The vast majority of dealers do not charge for their catalogs and will usually send you the current catalog and perhaps one or two more. There are many standard abbreviations and terms used in these catalogs, and we have tried to cover many of them in the Glossary section on our website. If you don't purchase anything from their catalogs, the dealers will drop you from their mailing lists on the assumption that you just wanted the catalogs for pricing information or that you are not really interested in the type of books they stock. If you are interested in their books but just do not find anything in the first two catalogs, you should ask if you can send them a list of exactly what you are looking for so they can quote you specific titles as they arrive. Keeping your name on mailing lists is very simple--just buy books. We have people who have asked for our catalogs every two years since we started in business and have never bought a book from us. The cost of preparing, printing, and mailing catalogs is such that few dealers can afford to keep someone on their mailing list who doesn't buy from them. After all, that is the reason the catalogs were prepared -- to sell books. Of course, the Net has also helped the collector, in that if you don't buy anything you can ask the dealer to include your email on their email catalog list. Probably won't get it as the same time as the ones mailed out, but soon after.
General Book Stores and Sales
There are a great number of sources for books. There are garage, school, charity, library, and church book sales; antique stores; and general used-book stores. Most of these are not particularly interested in charging top prices. But you should keep in mind that these are also the places where you can occasionally get stung the worst as a beginner, because there are always a few books that the book sale pricer, owners or operators have heard are worth $200, and so they have priced their copy at $200 even though the condition is such that a specialist in the field might be embarrassed to ask more than $25.
Specialist Dealers
We are considered specialized dealers, in that we deal primarily in 19th and 20th century literary first editions in the broadest sense.
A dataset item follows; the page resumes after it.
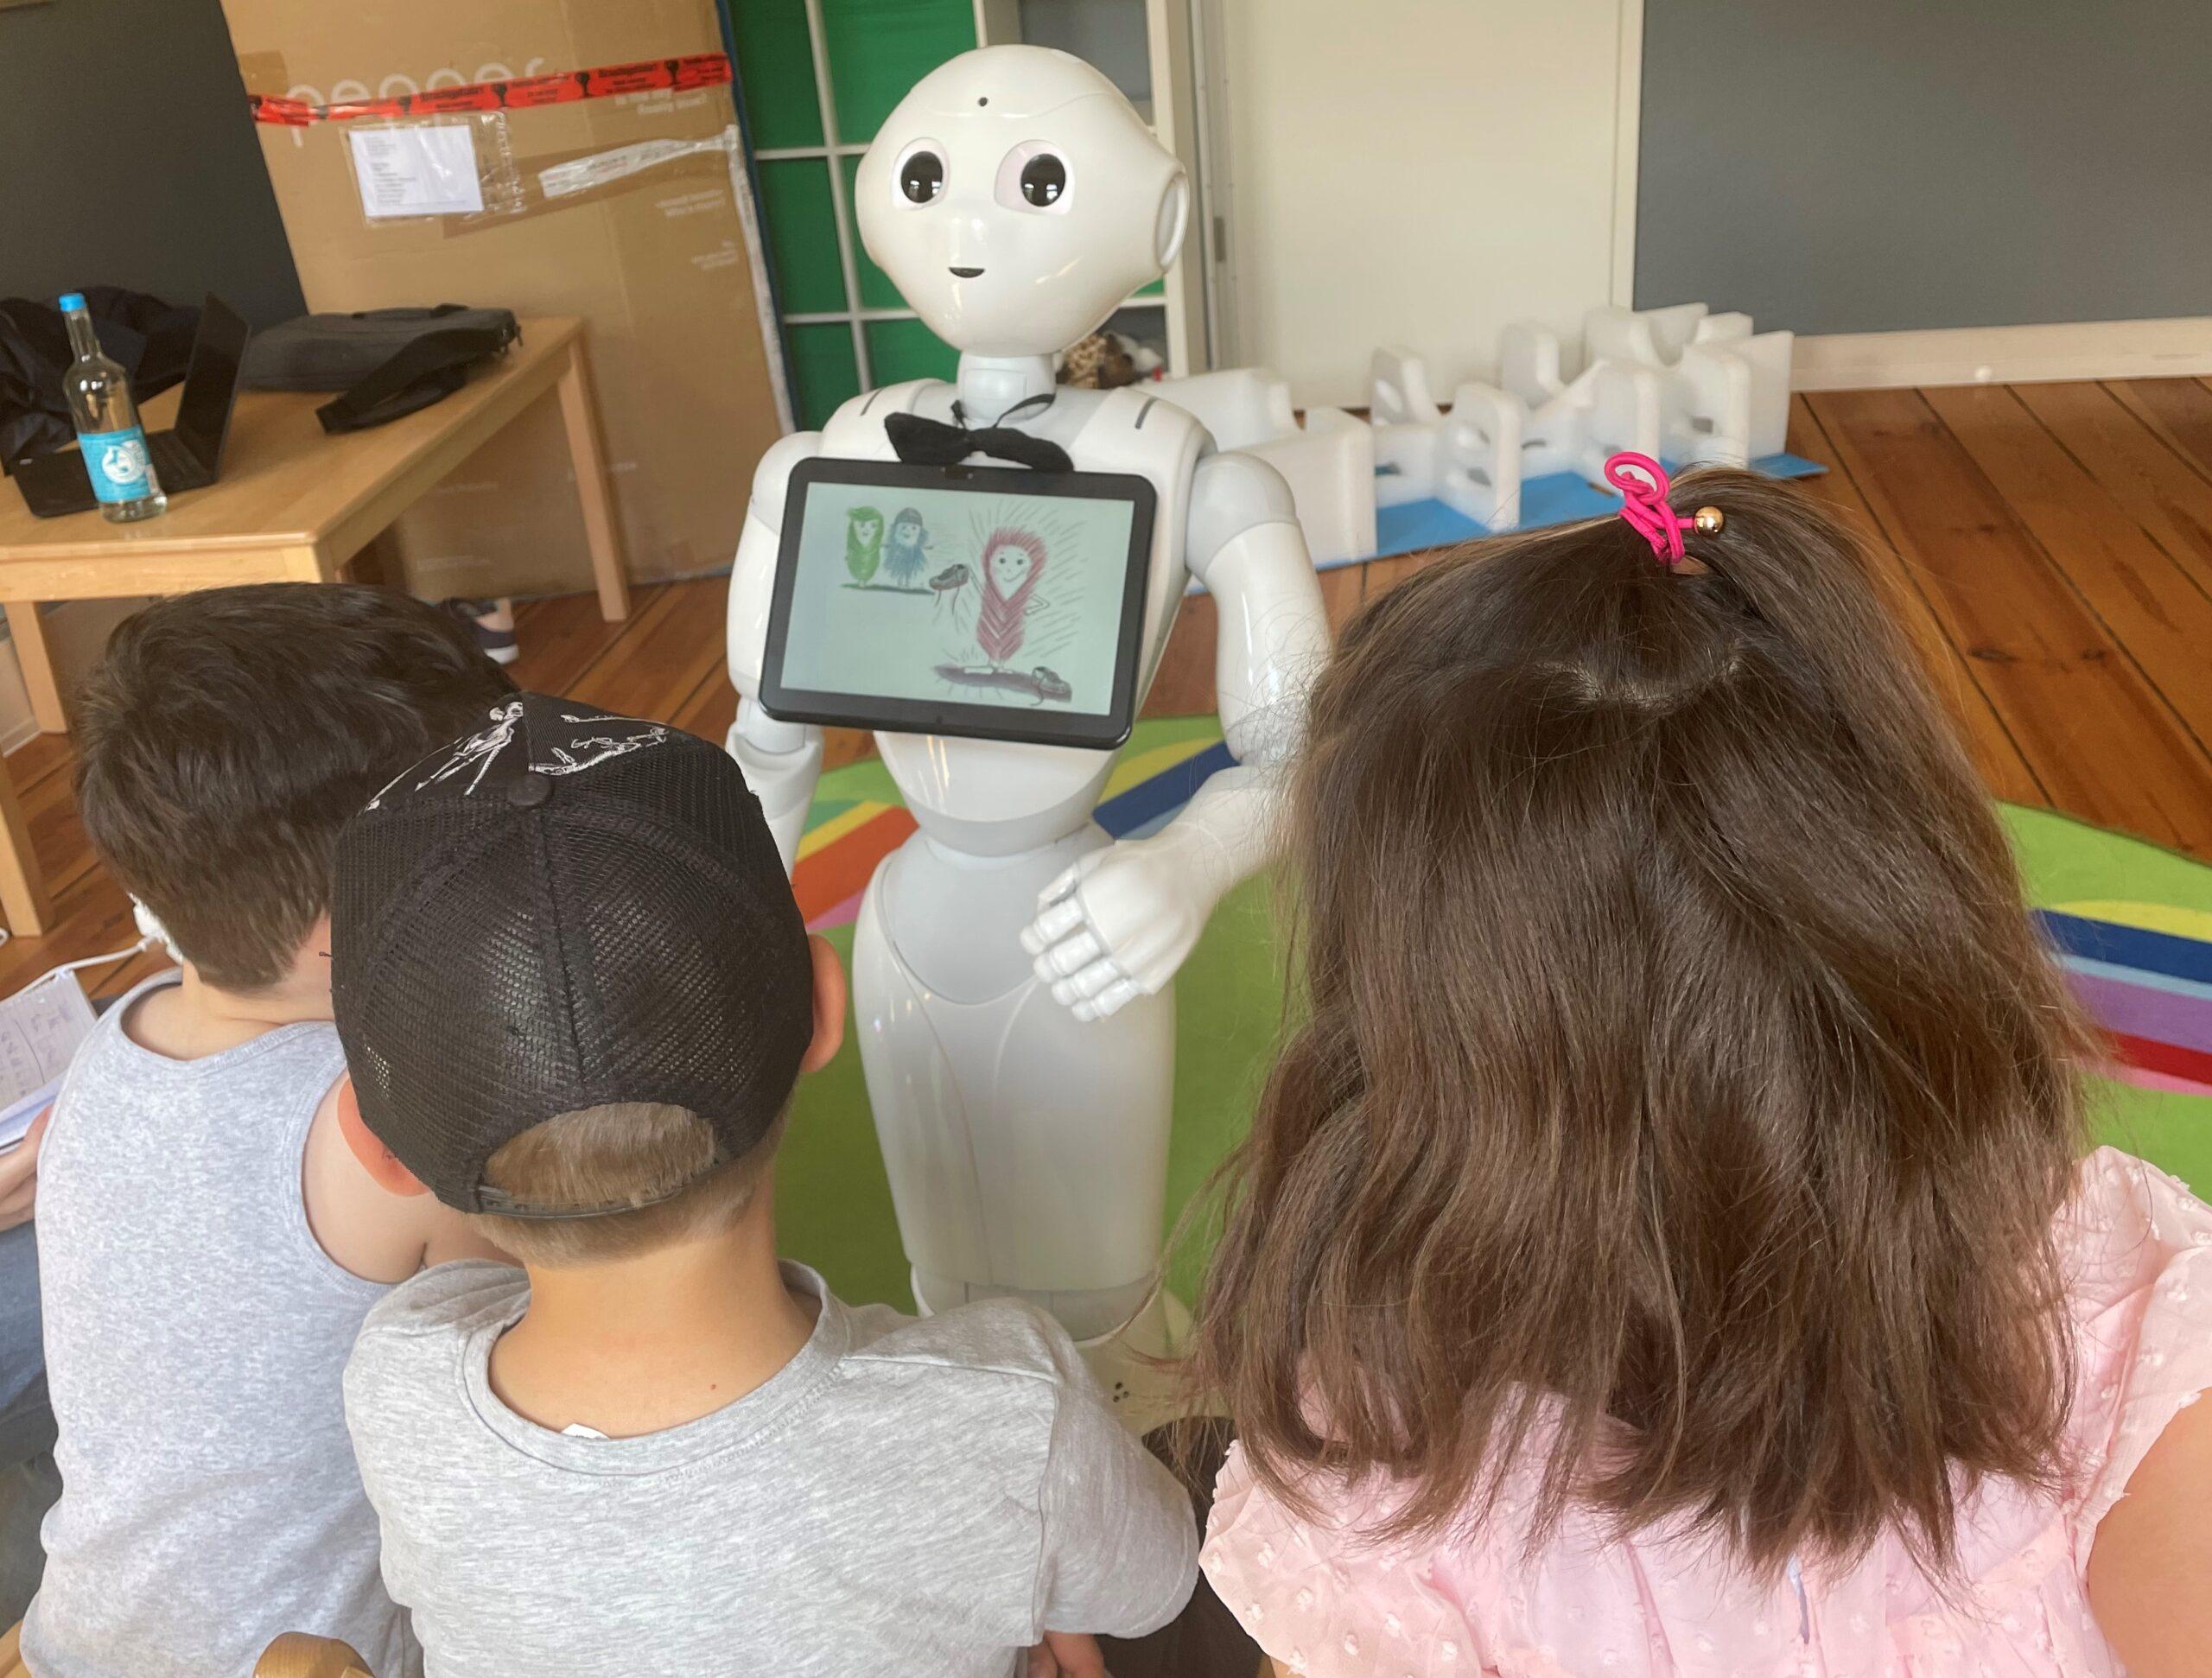 drei Kinder sitzen vor Pepper und hören zu wie der Roboter eine Geschichte erzählt

It's true that we also deal in other collectible books, but don't consider ourselves general book dealers. The advantage of dealing with us is that we see a lot of books. We get just about every catalog issued by the major and minor book dealers in the English speaking world. We also subscribe to the auction catalogs for Sotheby's, Christies, Swann, Pacific Book Gallery, et al. Most of the catalogs are mailed out to customers, such as us, before the books are put on the net. So, if you are a serious collector, we may be able to help you to find titles you are looking for that you would never realize were on the market.